The Accounting Review 2004 79(4), 967-1010
We examine the relation between the cost of equity capital and seven attributes of earnings: accrual quality, persistence, predictability, smoothness, value relevance, timeliness, and conservatism. We characterize the first four attributes as accounting-based because they are typically measured using accounting information only. We characterize the last three attributes as market-based because proxies for these constructs are typically based on relations between market data and accounting data. Based on theoretical models predicting a positive association between information quality and cost of equity, we test for and find that firms with the least favorable values of each attribute, considered individually, generally experience larger costs of equity than firms with the most favorable values. The largest cost of equity effects are observed for the accounting-based attributes, in particular, accrual quality. These findings are robust to controls for innate determinants of the earnings attributes (firm size, cash flow and sales volatility, incidence of loss, operating cycle, intangibles use/intensity, and capital intensity), as well as to alternative proxies for the cost of equity capital.

Payoffs to Aggressiveness

The Accounting Review 2023 98(7), 153-183
ABSTRACT For a broad sample of firms, we use structural equations modeling to construct latent variables for real-action aggressiveness and reporting policy aggressiveness. We estimate the association between the latent variables and the associations of each latent variable with shareholder payoffs (returns) and CEO payoffs (annual compensation to the CEO position). Results show the two types of aggressiveness are positively correlated but have different associations with the payoffs we consider. Greater policy-choice aggressiveness is associated with higher returns and compensation; the opposite is true for greater real-action aggressiveness. We find a positive association between policy-choice aggressiveness and restatement likelihood. Compared with nonrestatement firms, abnormal returns of restatement firms with aggressive policy choices are larger in the pre-restatement period and lower in the post-restatement period. Negative returns at the restatement announcement do not, on average, eliminate long-run (multi-year) positive returns of the pre-restatement period or of the period whose results are restated. JEL Classifications: M40; M41.
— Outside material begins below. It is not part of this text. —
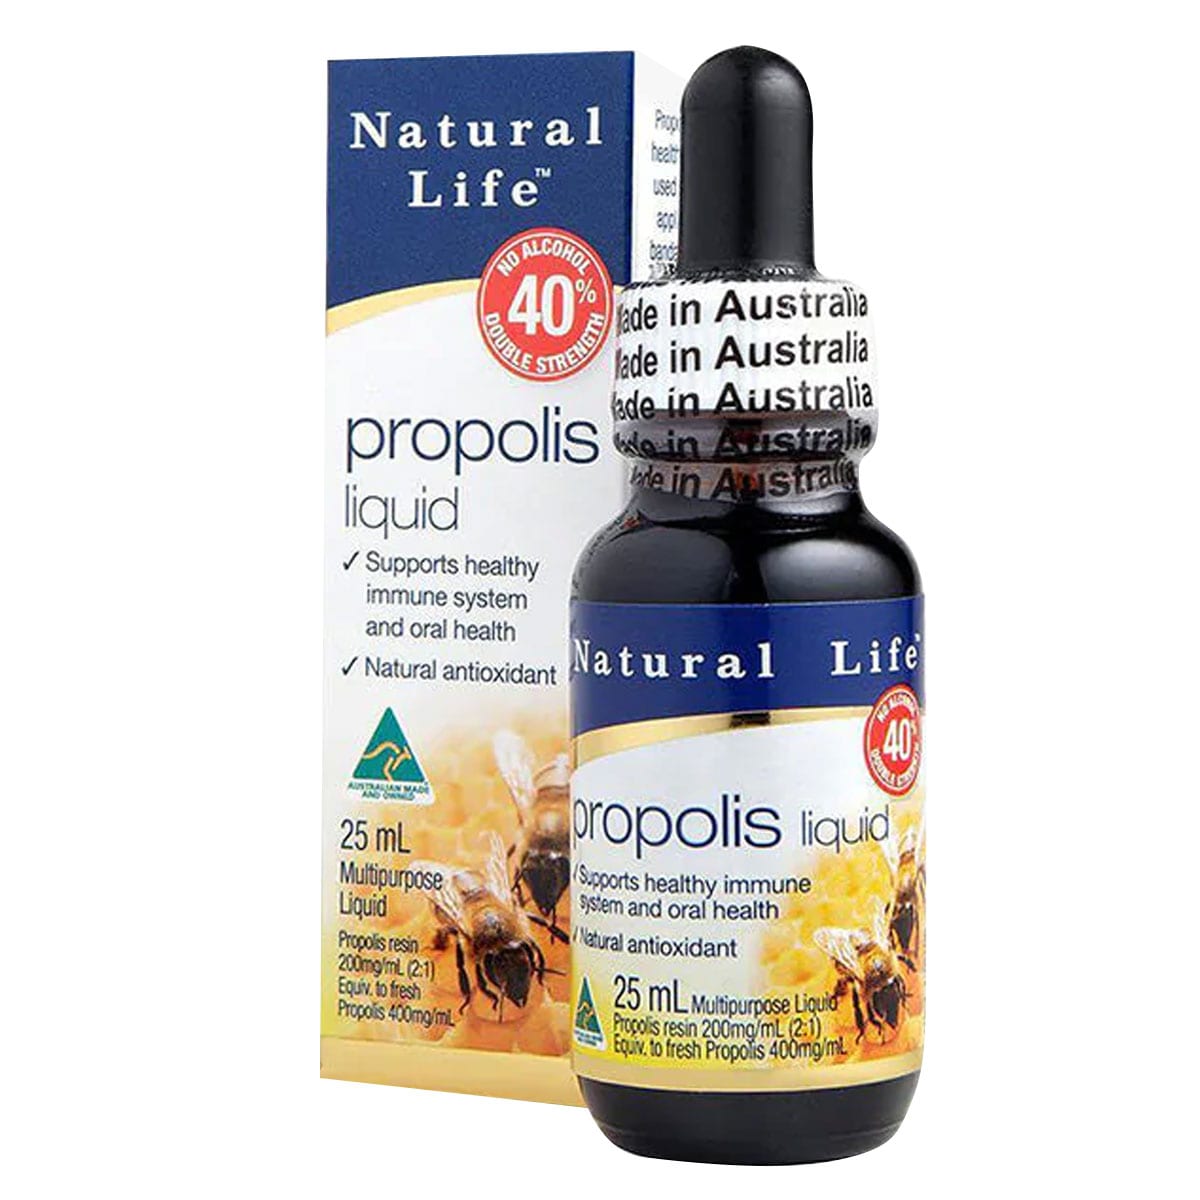 Natural Life Propolis Liquid 40% No Alcohol 25ml Australia

Direct and Mediated Associations among Earnings Quality, Information Asymmetry, and the Cost of Equity

The Accounting Review 2012 87(2), 449-482 open access
ABSTRACT Using path analysis, we investigate the direct and indirect links between three measures of earnings quality and the cost of equity. Our investigation is motivated by analytical models that specify both a direct link and an indirect link that is mediated by information asymmetry, but do not suggest which link would be more important empirically. We measure information asymmetry as both the adverse selection component of the bid-ask spread and the probability of informed trading (PIN). For a large sample of Value Line firms during 1993–2005, we find statistically reliable evidence of both a direct path from earnings quality to the cost of equity, and an indirect path that is mediated by information asymmetry, with the weight of the evidence favoring the direct path as the more important.